The Nerfed FPU in PS5’s Zen 2 Cores

Fritzchens Fritz’s awesome die photos revealed that the Playstation 5’s Zen 2 cores spend less die area on their FPUs than their desktop cousins. Thanks to Brutus, I got to take a closer look at just how AMD got Zen 2’s FPU to drop from 0.91 to 0.59 mm². Brutus specifically acquired and gave me access to AMD’s BC-250. The BC-250 uses a harvested PS5 chip with six enabled Zen 2 cores and a very cut down GPU, and is supposed to be used for crypto mining. That means I get access to the same PS5 style Zen 2 cores, and can target them with microbenchmarks and performance counters.

For this article, I’ll be referring to the BC-250’s Zen 2 cores as PS5 Zen 2 cores.

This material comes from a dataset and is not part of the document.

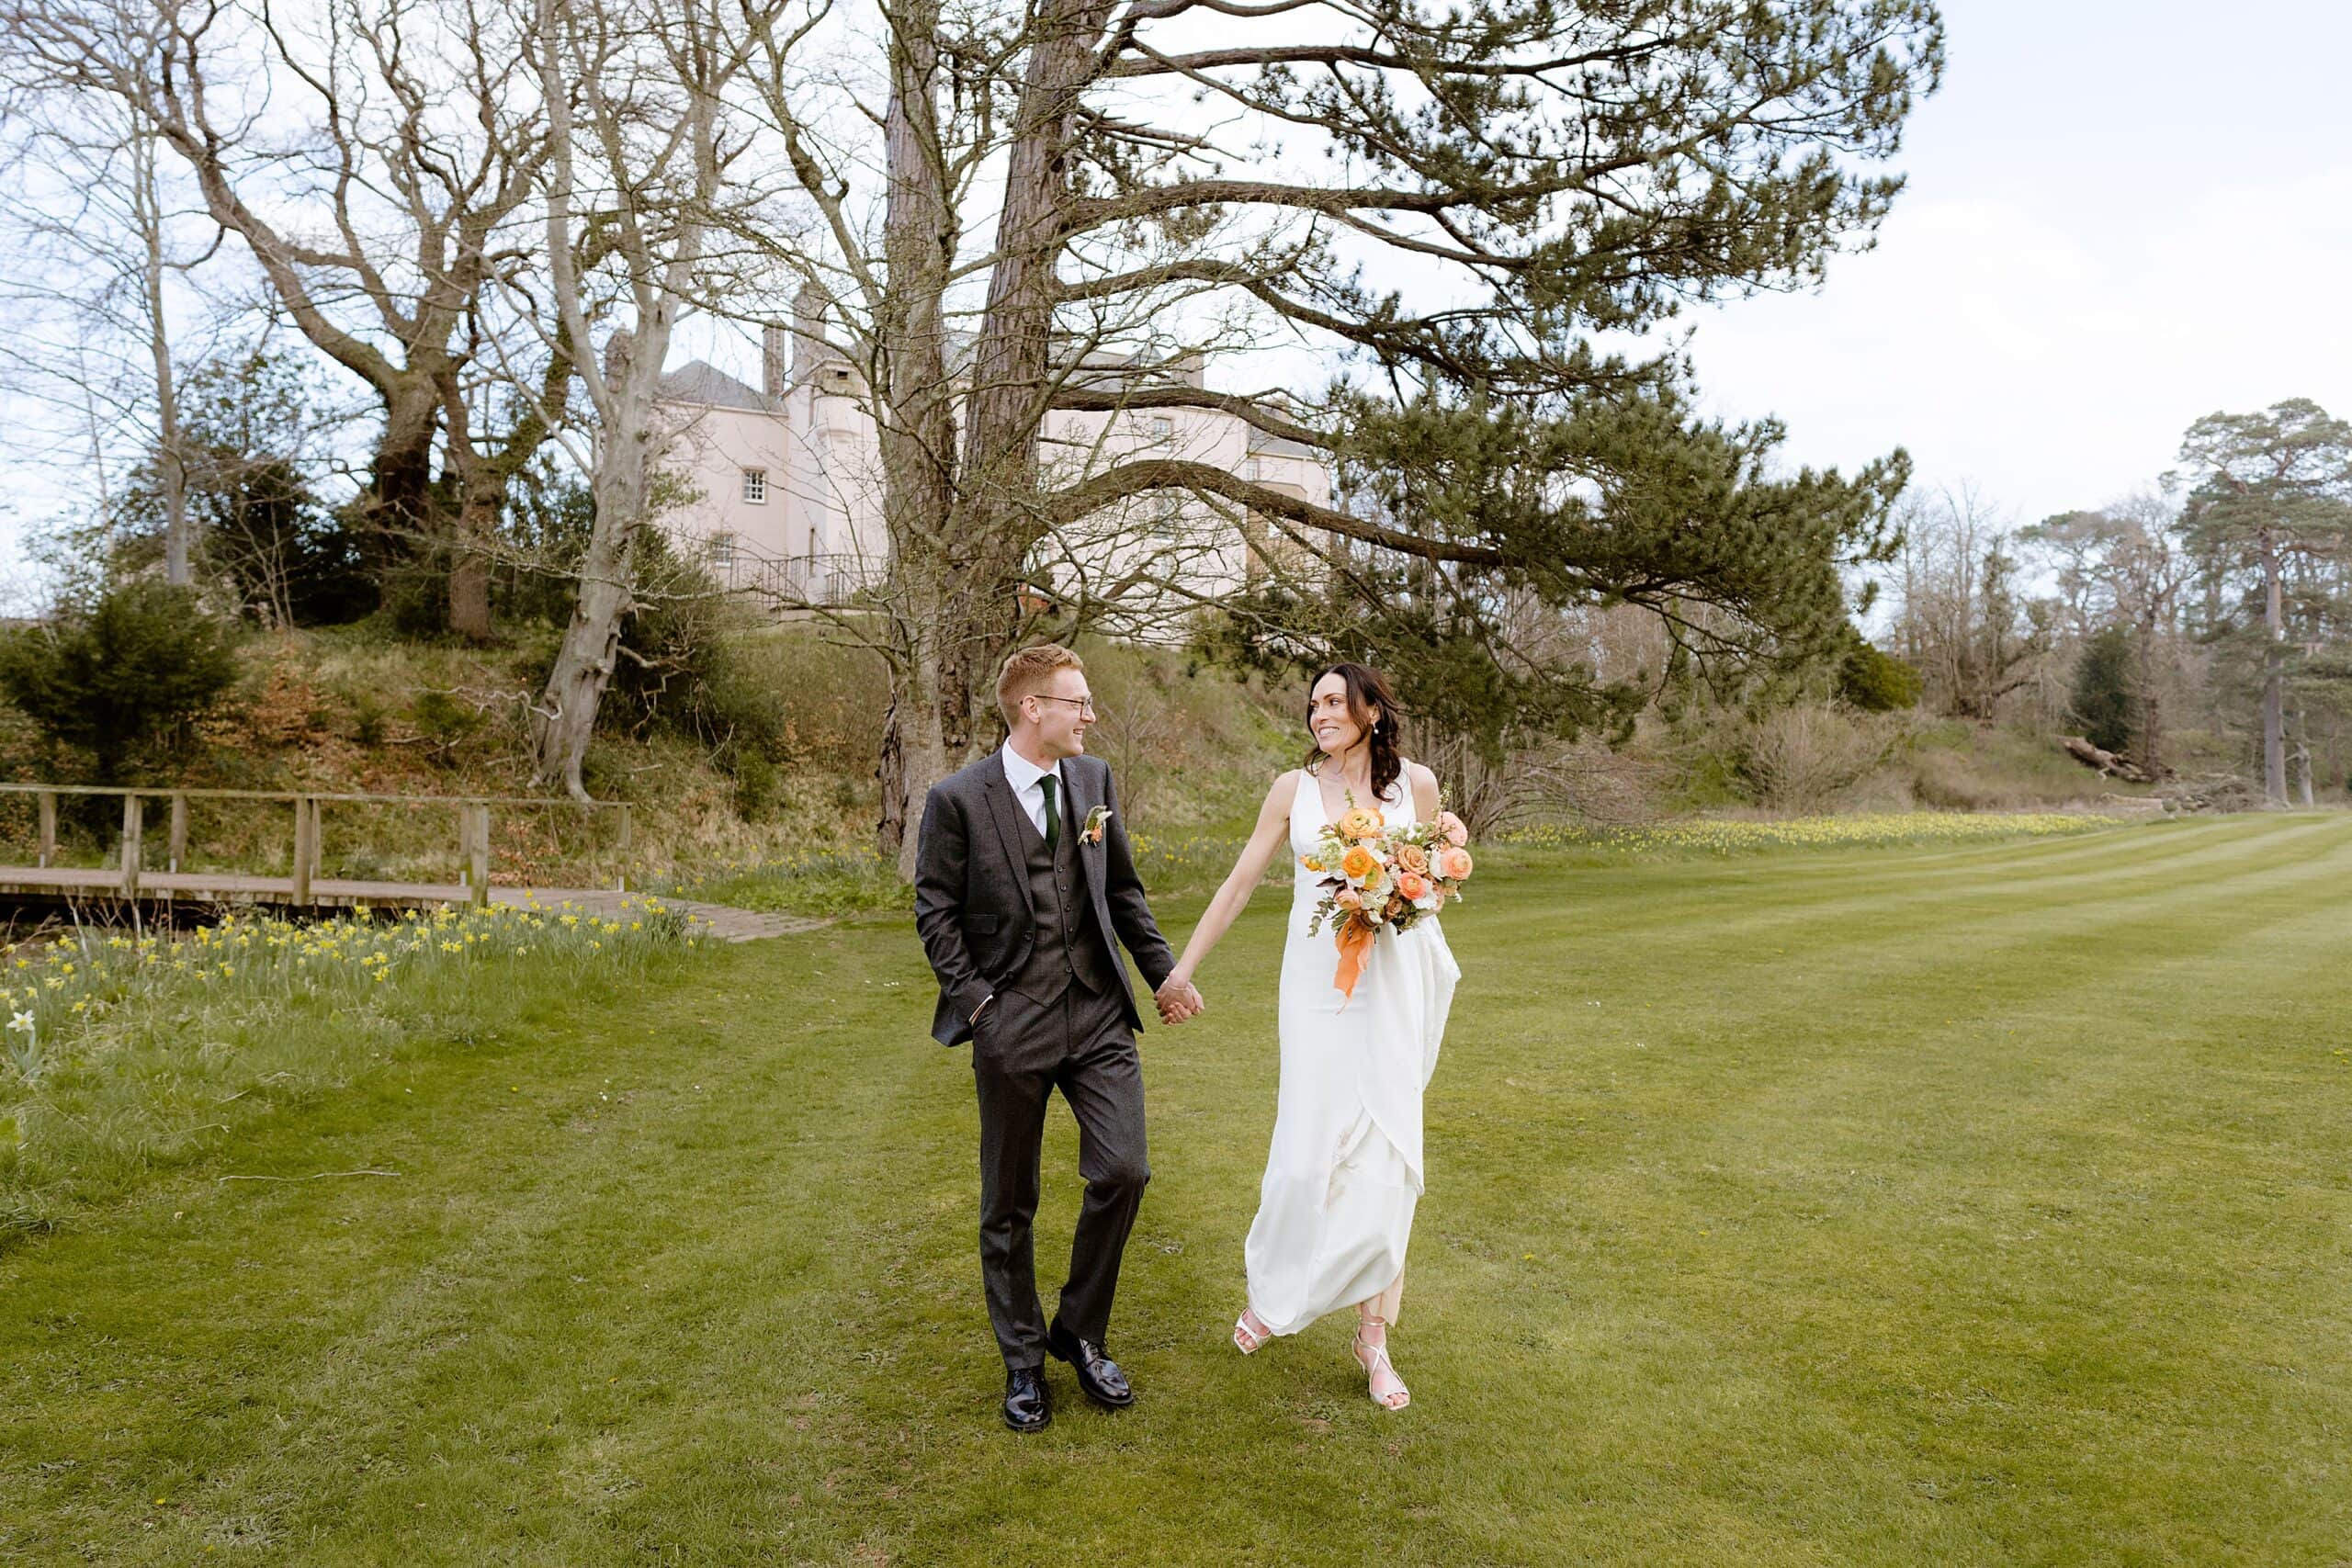 the bride and groom hold hands and smile at each other as they walk on a lawn with trees and a farm building in the background following their unusual wedding venues east lothian wedding ceremony near edinburgh scotland

It’s a lot easier to say PS5.

Overview

The FPU on the PS5’s Zen 2 cores occupies the same width along the short side of the core, but look very compressed on the other axis. There’s a lot less blank area, and less area looks allocated to the execution units on either side too.

Images from Fritzchens Fritz at https://www.flickr.com/photos/130561288@N04/50979269043 and https://www.flickr.com/photos/130561288@N04/50979268988

But AMD didn’t get this area reduction for free. Instead, they cut down the FP pipes and eliminated some duplicate FP/vector execution units. Zen 2 nominally has a quad port FPU, with ports named FP0, FP1, FP2, and FP3. On the PS5, FP3 has been deleted. FP2 is relegated to only handling FP/vector stores, with all of its math execution units removed or moved to FP0/FP1. Long story short, AMD did this:

Figured out through microbenchmarking and performance monitoring events

With those changes, the PS5’s Zen 2 cores effectively have a dual port FPU with the ability to co-issue stores. But the execution units weren’t the only things to shrink in Fritzchens Fritz’s images. The register file in the center is visibly changed as well. While it’s divided into the same number of blocks, the blocks are both closer together and smaller.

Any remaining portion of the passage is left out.